AVAILABLE DATA:
------------------------------------------------------------------------
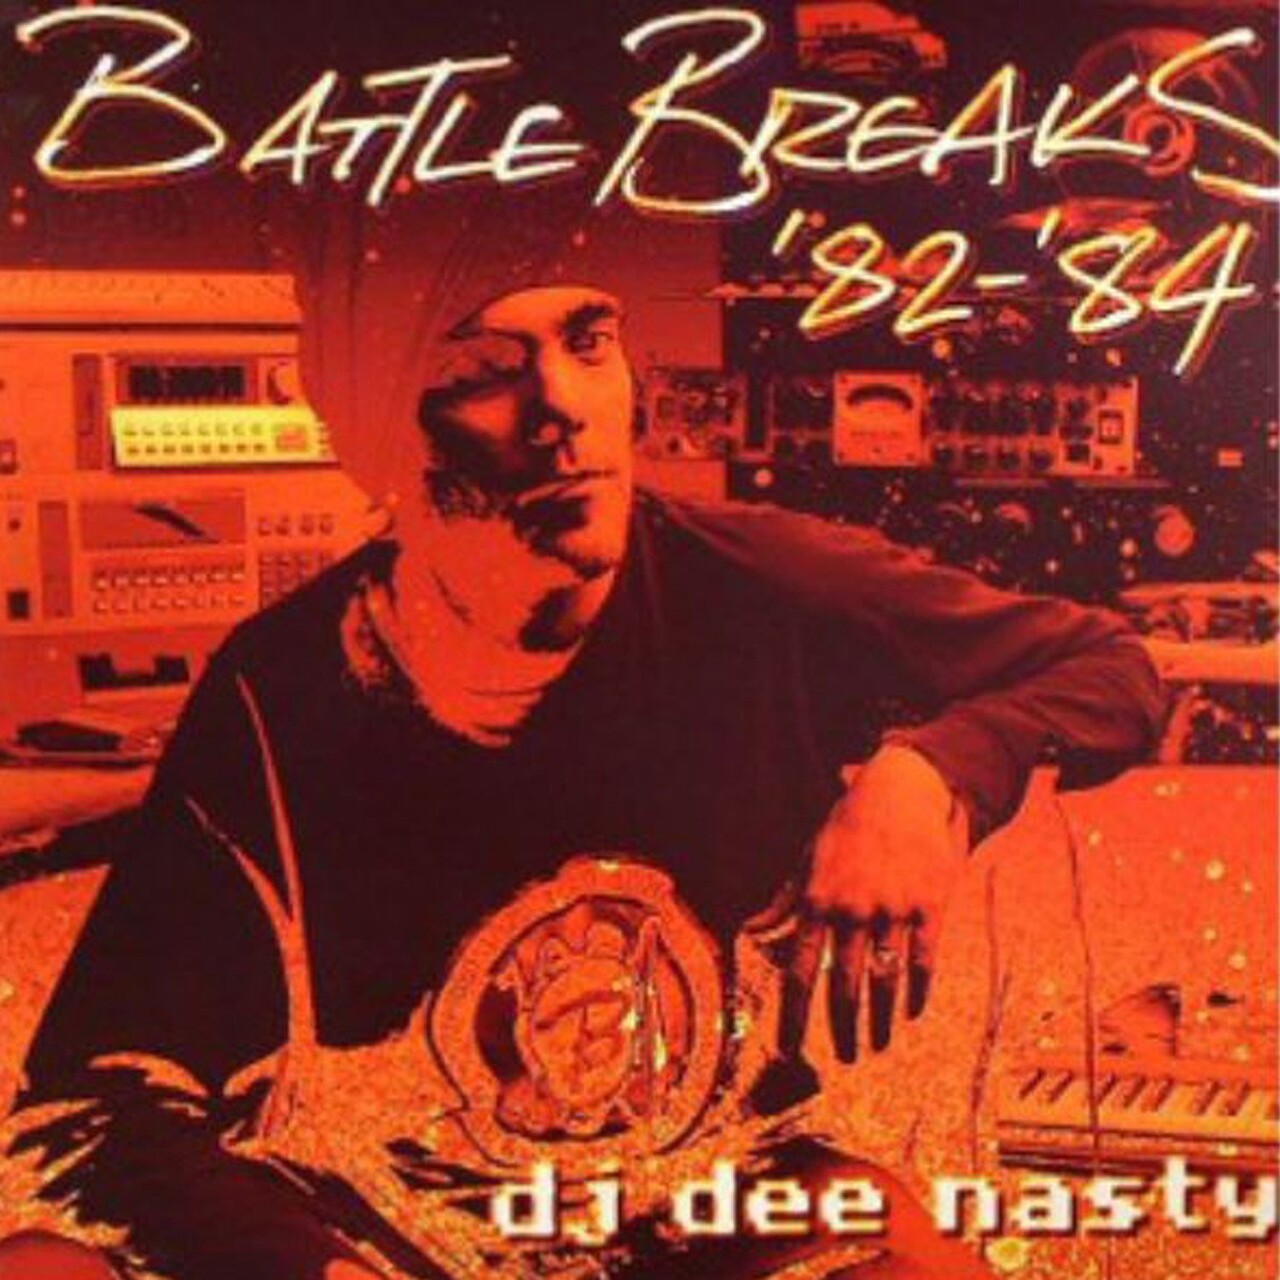 Dj dee. DJ Dee Nasty. Break Battle. DJ Dee Иваново. Пластина рэп.
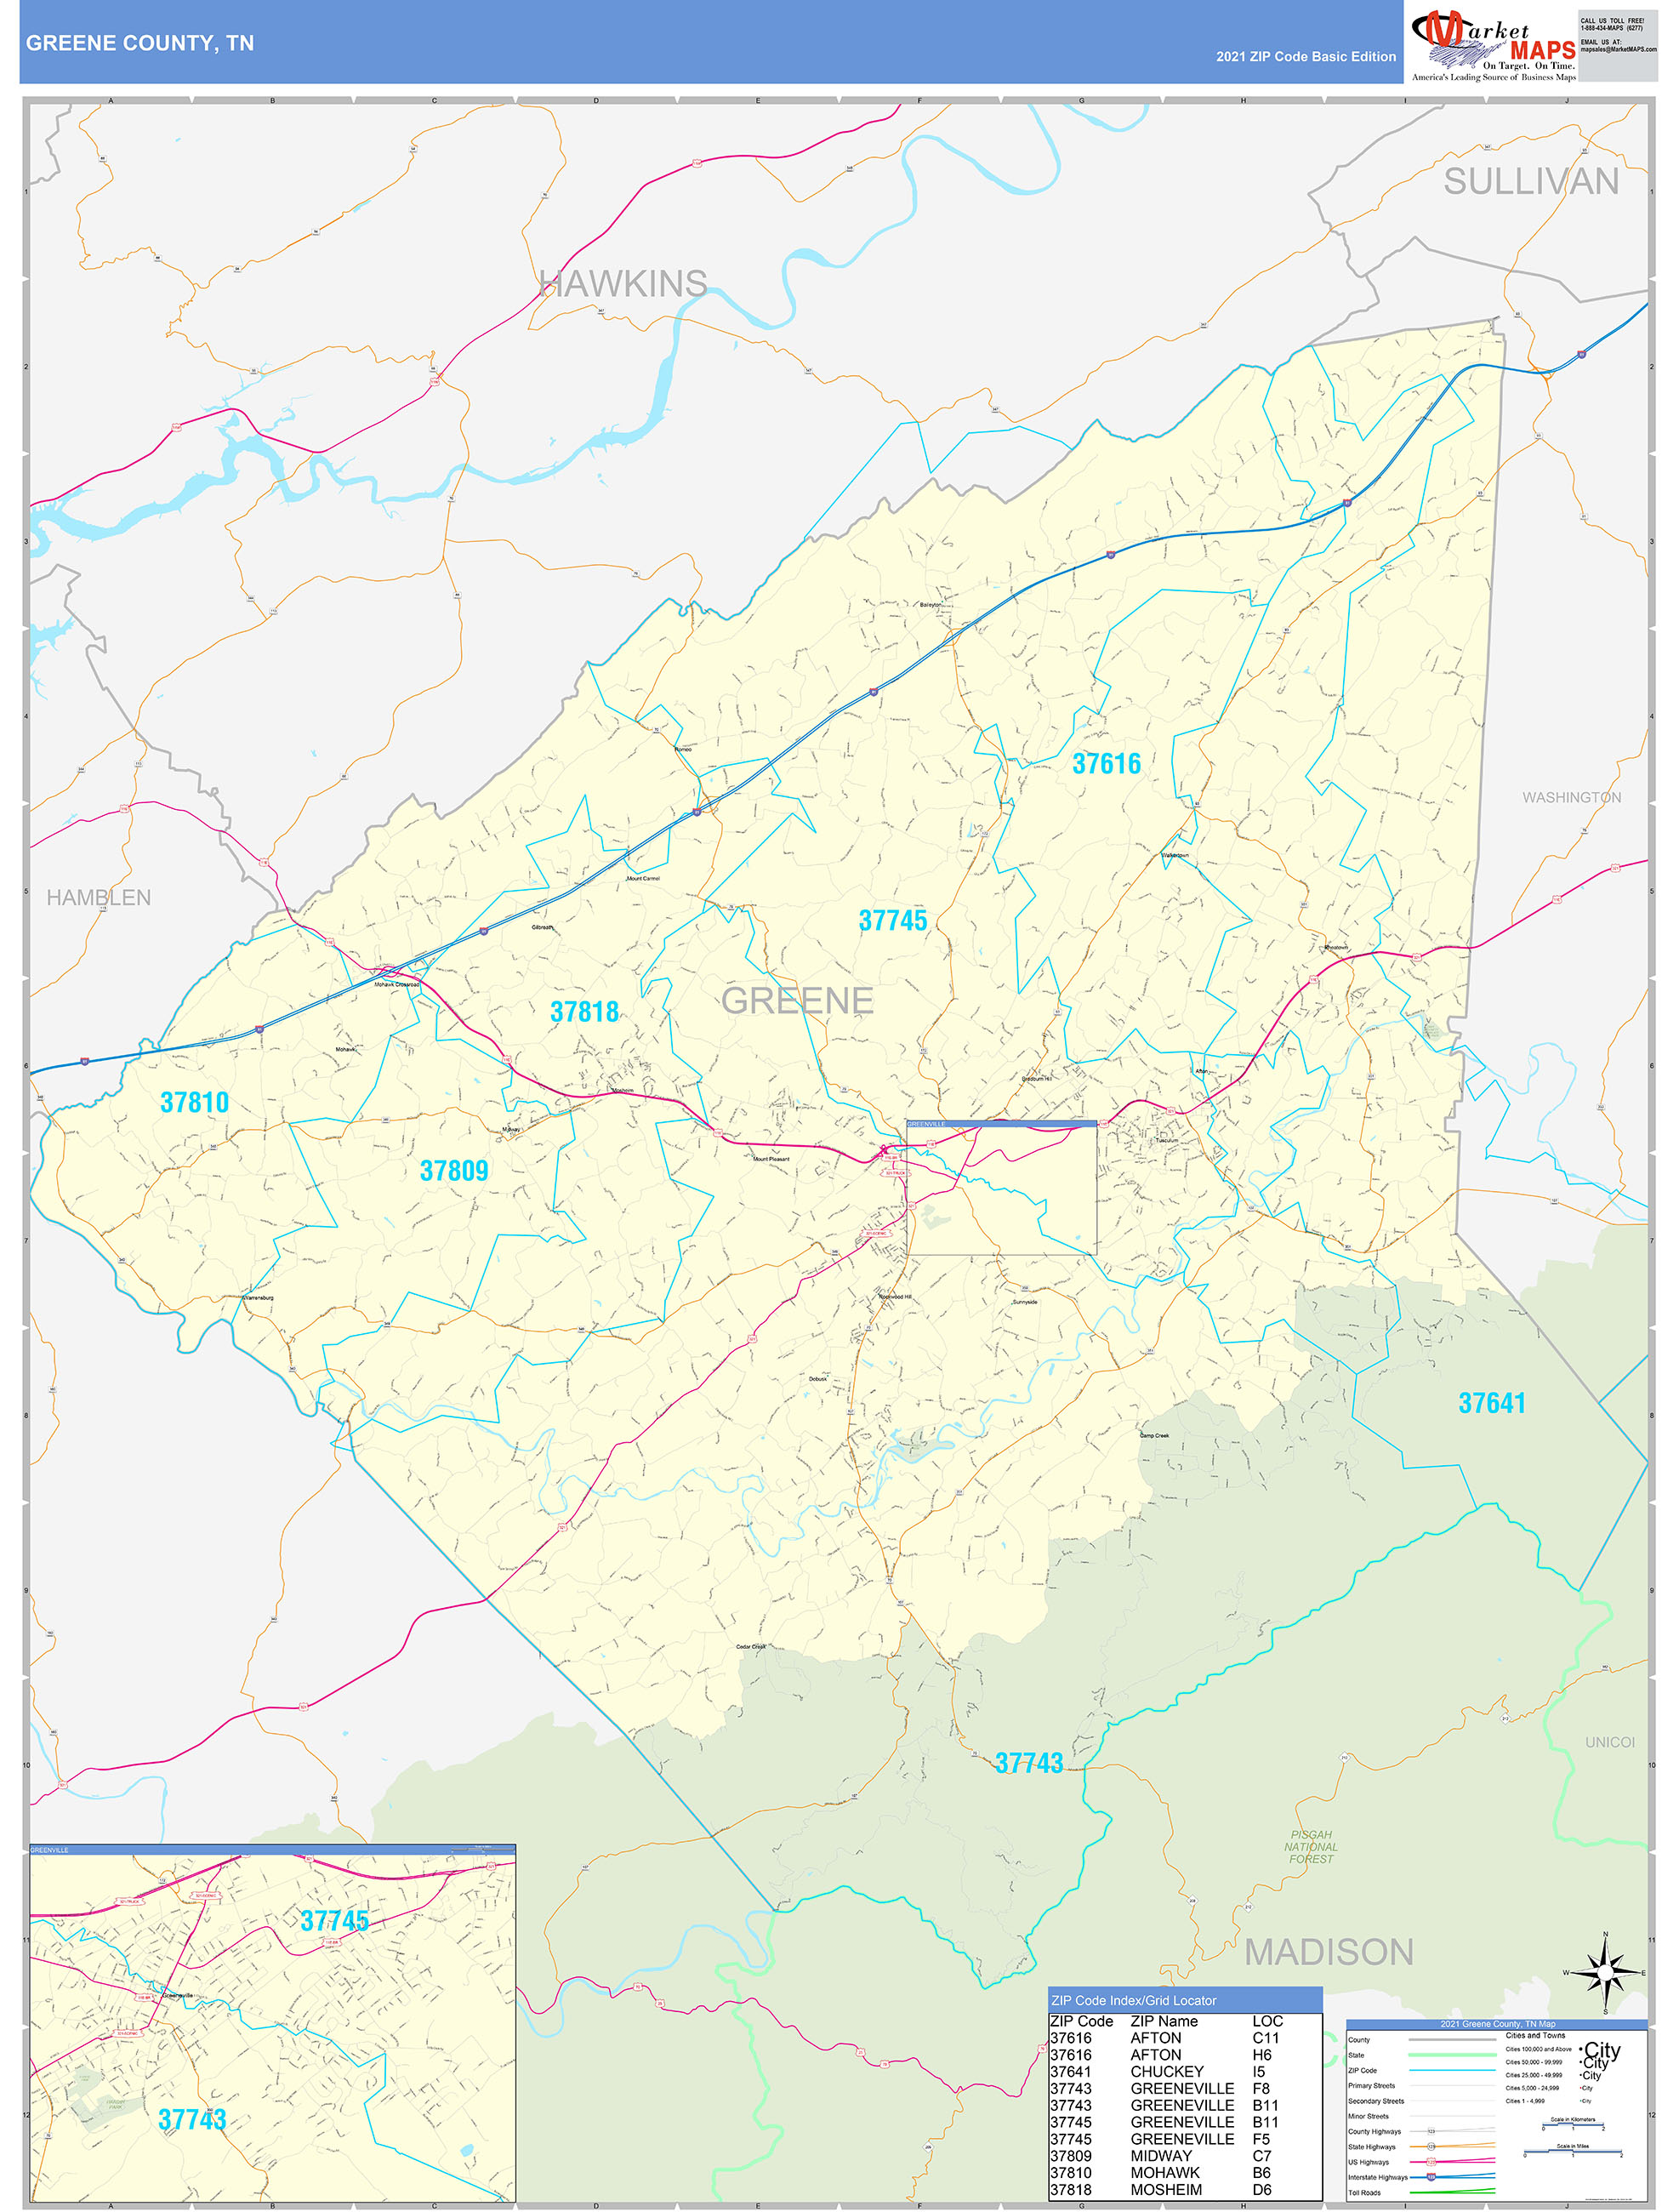 Greene County, TN Zip Code Wall Map Basic Style by MarketMAPS MapSales
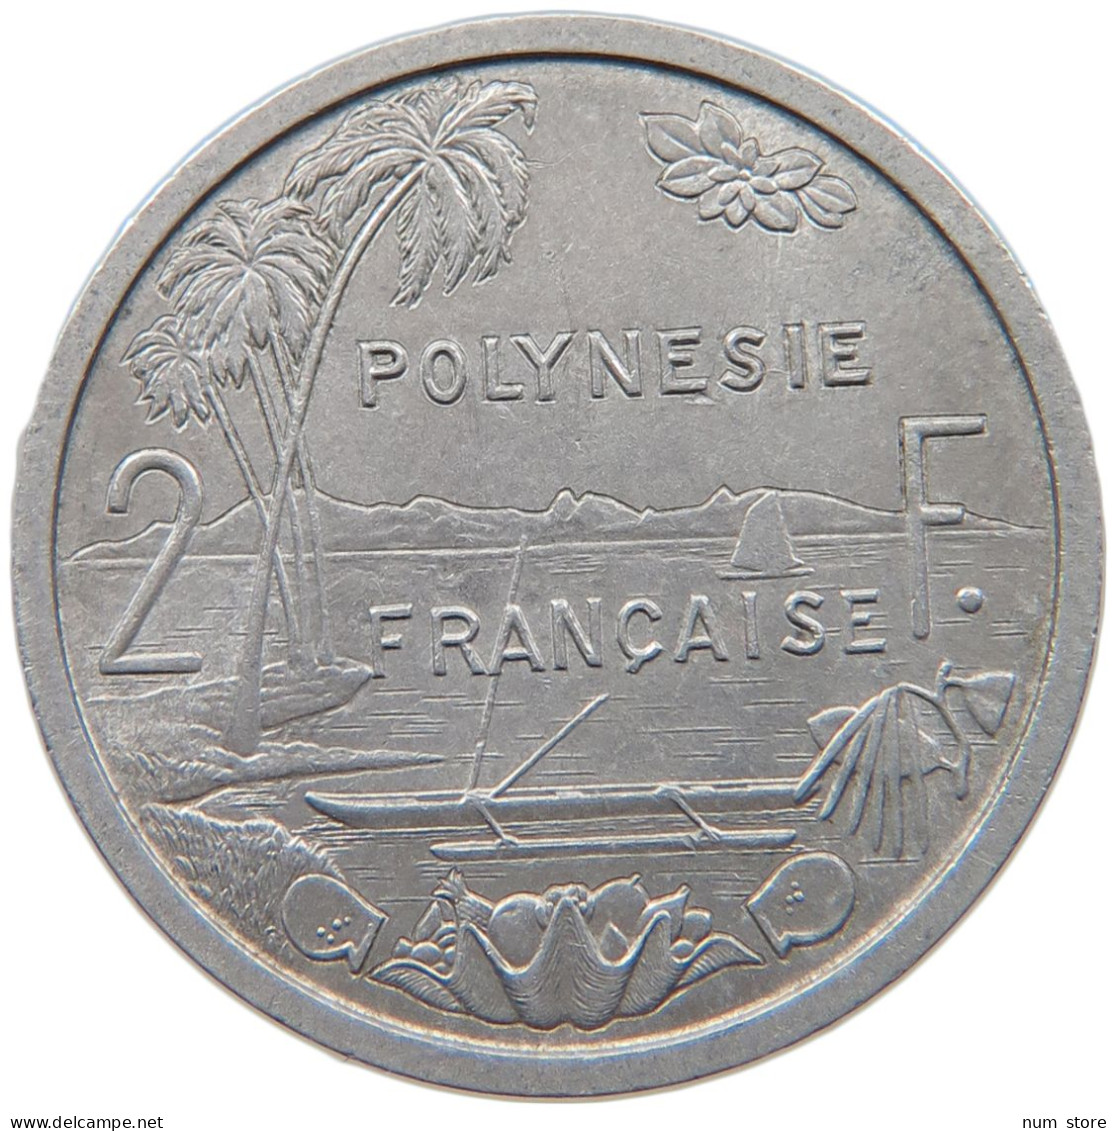 FRENCH POLYNESIA 2 FRANCS 1965 #s098 0235 - Französisch-Polynesien
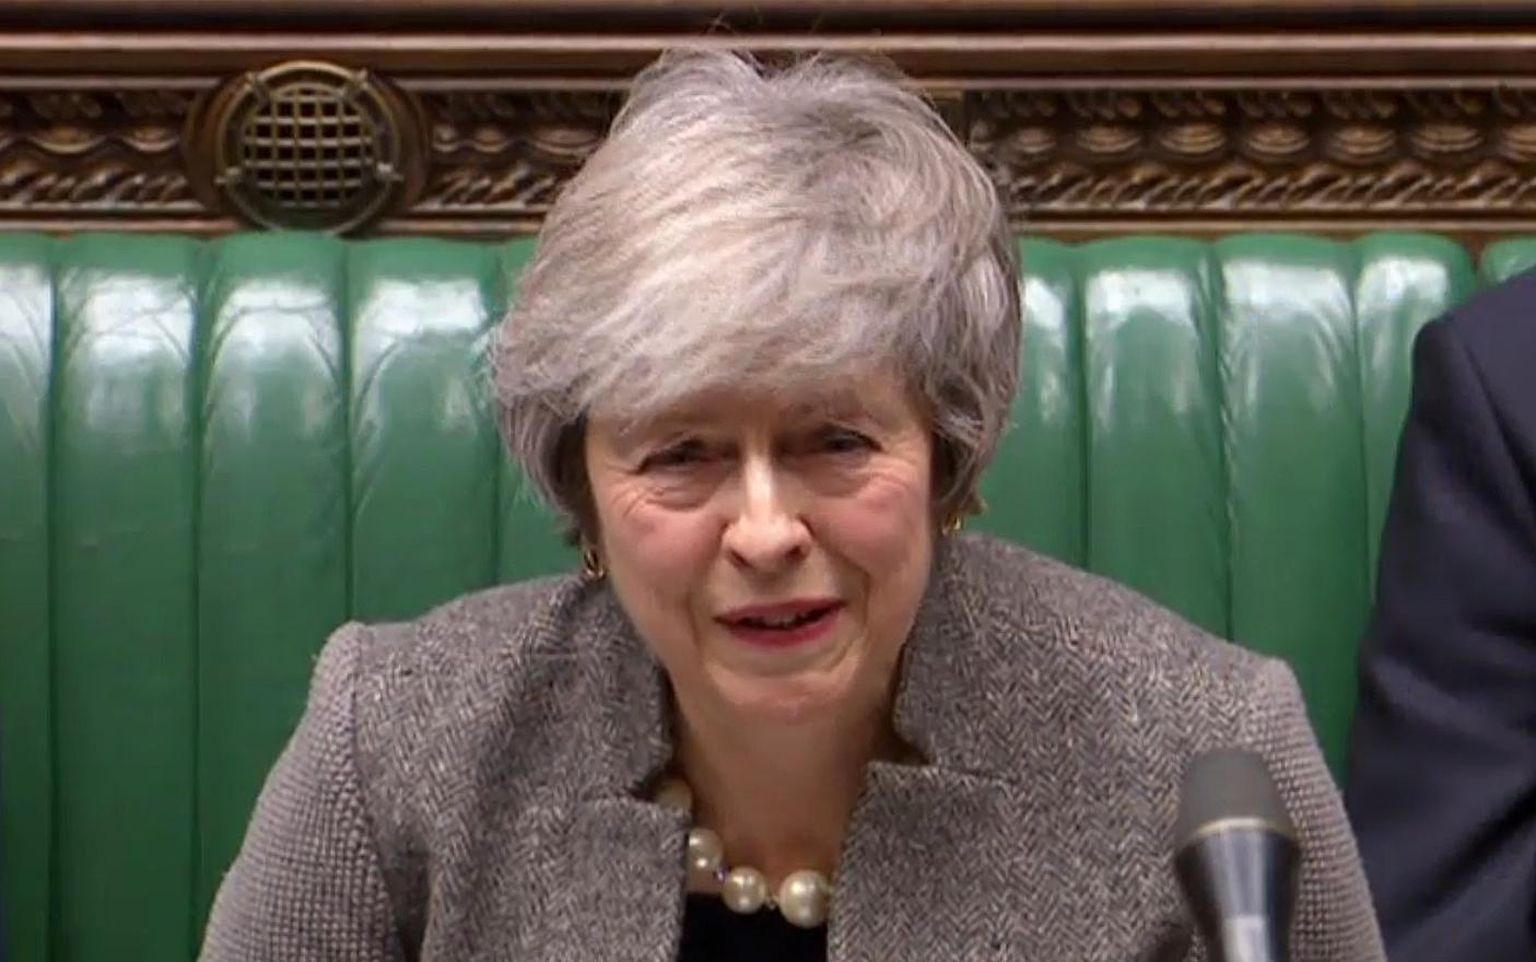 Briti peaminister Theresa May parlamendi alamkojas.
------------------------------------------------------------------------
YOUR INSTRUCTIONS: Repeat the material above word for word; no images go in the copy.

ANSWER:
 Dj dee. DJ Dee Nasty. Break Battle. DJ Dee Иваново. Пластина рэп.
 Greene County, TN Zip Code Wall Map Basic Style by MarketMAPS MapSales
 FRENCH POLYNESIA 2 FRANCS 1965 #s098 0235 - Französisch-Polynesien
 Briti peaminister Theresa May parlamendi alamkojas.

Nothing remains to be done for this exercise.